▶ [Exercise objective]
After finding the line containing "ITALIA - Usato" below, please output that line and each following one through the line containing "best man giving speech at wedding reception", exactly as written.
*** Source material ***
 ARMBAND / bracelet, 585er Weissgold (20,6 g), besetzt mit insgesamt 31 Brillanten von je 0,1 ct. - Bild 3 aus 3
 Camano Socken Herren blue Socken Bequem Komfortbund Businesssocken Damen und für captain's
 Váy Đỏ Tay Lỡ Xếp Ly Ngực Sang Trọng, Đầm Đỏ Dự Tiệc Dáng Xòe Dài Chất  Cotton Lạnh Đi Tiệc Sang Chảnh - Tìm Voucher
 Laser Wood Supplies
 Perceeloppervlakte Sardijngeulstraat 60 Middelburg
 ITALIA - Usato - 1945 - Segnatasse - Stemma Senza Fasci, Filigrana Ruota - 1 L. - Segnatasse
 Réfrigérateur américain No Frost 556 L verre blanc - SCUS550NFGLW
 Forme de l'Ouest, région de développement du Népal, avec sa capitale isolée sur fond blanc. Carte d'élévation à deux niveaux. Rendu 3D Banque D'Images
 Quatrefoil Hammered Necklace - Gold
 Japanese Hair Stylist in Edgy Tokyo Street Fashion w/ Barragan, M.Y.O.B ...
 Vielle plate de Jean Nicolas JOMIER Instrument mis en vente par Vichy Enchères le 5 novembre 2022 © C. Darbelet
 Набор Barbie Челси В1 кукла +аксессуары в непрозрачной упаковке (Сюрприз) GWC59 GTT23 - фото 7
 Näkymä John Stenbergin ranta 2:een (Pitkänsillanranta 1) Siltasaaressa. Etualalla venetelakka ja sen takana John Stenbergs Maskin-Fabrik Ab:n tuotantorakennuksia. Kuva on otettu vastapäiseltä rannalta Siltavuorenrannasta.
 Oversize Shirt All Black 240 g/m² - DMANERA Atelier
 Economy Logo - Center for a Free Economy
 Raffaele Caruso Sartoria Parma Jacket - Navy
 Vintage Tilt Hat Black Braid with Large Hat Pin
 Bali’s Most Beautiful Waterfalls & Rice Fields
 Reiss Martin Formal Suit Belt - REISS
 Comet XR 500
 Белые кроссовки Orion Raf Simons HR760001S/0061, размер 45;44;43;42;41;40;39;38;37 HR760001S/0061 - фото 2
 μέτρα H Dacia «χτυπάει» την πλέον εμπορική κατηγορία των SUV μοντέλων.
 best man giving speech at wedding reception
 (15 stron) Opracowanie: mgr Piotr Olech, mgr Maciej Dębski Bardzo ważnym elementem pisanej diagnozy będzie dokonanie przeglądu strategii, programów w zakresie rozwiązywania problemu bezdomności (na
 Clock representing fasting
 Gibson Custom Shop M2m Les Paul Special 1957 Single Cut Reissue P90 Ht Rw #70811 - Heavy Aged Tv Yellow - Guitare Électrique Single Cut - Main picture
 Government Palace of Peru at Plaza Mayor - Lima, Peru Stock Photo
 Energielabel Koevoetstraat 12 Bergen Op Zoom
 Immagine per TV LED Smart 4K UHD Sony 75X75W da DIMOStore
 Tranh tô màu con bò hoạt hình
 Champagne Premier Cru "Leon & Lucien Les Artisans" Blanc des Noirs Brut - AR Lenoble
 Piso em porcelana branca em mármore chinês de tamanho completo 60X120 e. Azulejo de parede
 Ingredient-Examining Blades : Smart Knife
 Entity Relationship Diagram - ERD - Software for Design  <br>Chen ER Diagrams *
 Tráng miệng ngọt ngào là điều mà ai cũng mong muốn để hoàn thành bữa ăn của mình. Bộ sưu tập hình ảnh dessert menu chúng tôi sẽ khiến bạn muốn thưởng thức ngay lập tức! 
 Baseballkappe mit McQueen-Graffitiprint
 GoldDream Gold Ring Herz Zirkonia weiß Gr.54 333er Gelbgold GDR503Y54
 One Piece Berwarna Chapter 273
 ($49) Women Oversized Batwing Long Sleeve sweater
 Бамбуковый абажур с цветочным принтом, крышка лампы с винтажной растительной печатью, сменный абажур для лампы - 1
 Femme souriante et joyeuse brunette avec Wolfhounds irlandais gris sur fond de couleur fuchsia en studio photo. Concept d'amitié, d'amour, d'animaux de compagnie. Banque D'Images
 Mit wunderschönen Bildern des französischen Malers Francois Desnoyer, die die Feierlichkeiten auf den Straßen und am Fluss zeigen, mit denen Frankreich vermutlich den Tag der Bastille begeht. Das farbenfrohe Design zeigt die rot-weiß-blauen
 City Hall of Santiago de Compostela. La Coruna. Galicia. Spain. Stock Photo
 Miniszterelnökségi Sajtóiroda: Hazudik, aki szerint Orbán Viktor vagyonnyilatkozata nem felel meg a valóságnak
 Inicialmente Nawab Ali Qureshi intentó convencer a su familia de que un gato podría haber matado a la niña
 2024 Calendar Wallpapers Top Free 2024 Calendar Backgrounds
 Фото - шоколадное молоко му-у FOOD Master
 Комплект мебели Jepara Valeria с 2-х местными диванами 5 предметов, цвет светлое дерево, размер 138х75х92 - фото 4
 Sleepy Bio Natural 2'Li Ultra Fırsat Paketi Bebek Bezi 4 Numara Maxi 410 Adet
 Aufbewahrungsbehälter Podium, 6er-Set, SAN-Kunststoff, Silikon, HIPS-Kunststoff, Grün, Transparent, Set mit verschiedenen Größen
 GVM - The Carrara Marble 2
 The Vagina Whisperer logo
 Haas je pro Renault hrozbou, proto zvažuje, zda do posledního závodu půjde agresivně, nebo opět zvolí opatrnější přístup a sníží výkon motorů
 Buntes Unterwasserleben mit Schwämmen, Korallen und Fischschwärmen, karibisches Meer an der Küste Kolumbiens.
*** End of Source material ***
▶ [Output of the exercise]
 ITALIA - Usato - 1945 - Segnatasse - Stemma Senza Fasci, Filigrana Ruota - 1 L. - Segnatasse
 Réfrigérateur américain No Frost 556 L verre blanc - SCUS550NFGLW
 Forme de l'Ouest, région de développement du Népal, avec sa capitale isolée sur fond blanc. Carte d'élévation à deux niveaux. Rendu 3D Banque D'Images
 Quatrefoil Hammered Necklace - Gold
 Japanese Hair Stylist in Edgy Tokyo Street Fashion w/ Barragan, M.Y.O.B ...
 Vielle plate de Jean Nicolas JOMIER Instrument mis en vente par Vichy Enchères le 5 novembre 2022 © C. Darbelet
 Набор Barbie Челси В1 кукла +аксессуары в непрозрачной упаковке (Сюрприз) GWC59 GTT23 - фото 7
 Näkymä John Stenbergin ranta 2:een (Pitkänsillanranta 1) Siltasaaressa. Etualalla venetelakka ja sen takana John Stenbergs Maskin-Fabrik Ab:n tuotantorakennuksia. Kuva on otettu vastapäiseltä rannalta Siltavuorenrannasta.
 Oversize Shirt All Black 240 g/m² - DMANERA Atelier
 Economy Logo - Center for a Free Economy
 Raffaele Caruso Sartoria Parma Jacket - Navy
 Vintage Tilt Hat Black Braid with Large Hat Pin
 Bali’s Most Beautiful Waterfalls & Rice Fields
 Reiss Martin Formal Suit Belt - REISS
 Comet XR 500
 Белые кроссовки Orion Raf Simons HR760001S/0061, размер 45;44;43;42;41;40;39;38;37 HR760001S/0061 - фото 2
 μέτρα H Dacia «χτυπάει» την πλέον εμπορική κατηγορία των SUV μοντέλων.
 best man giving speech at wedding reception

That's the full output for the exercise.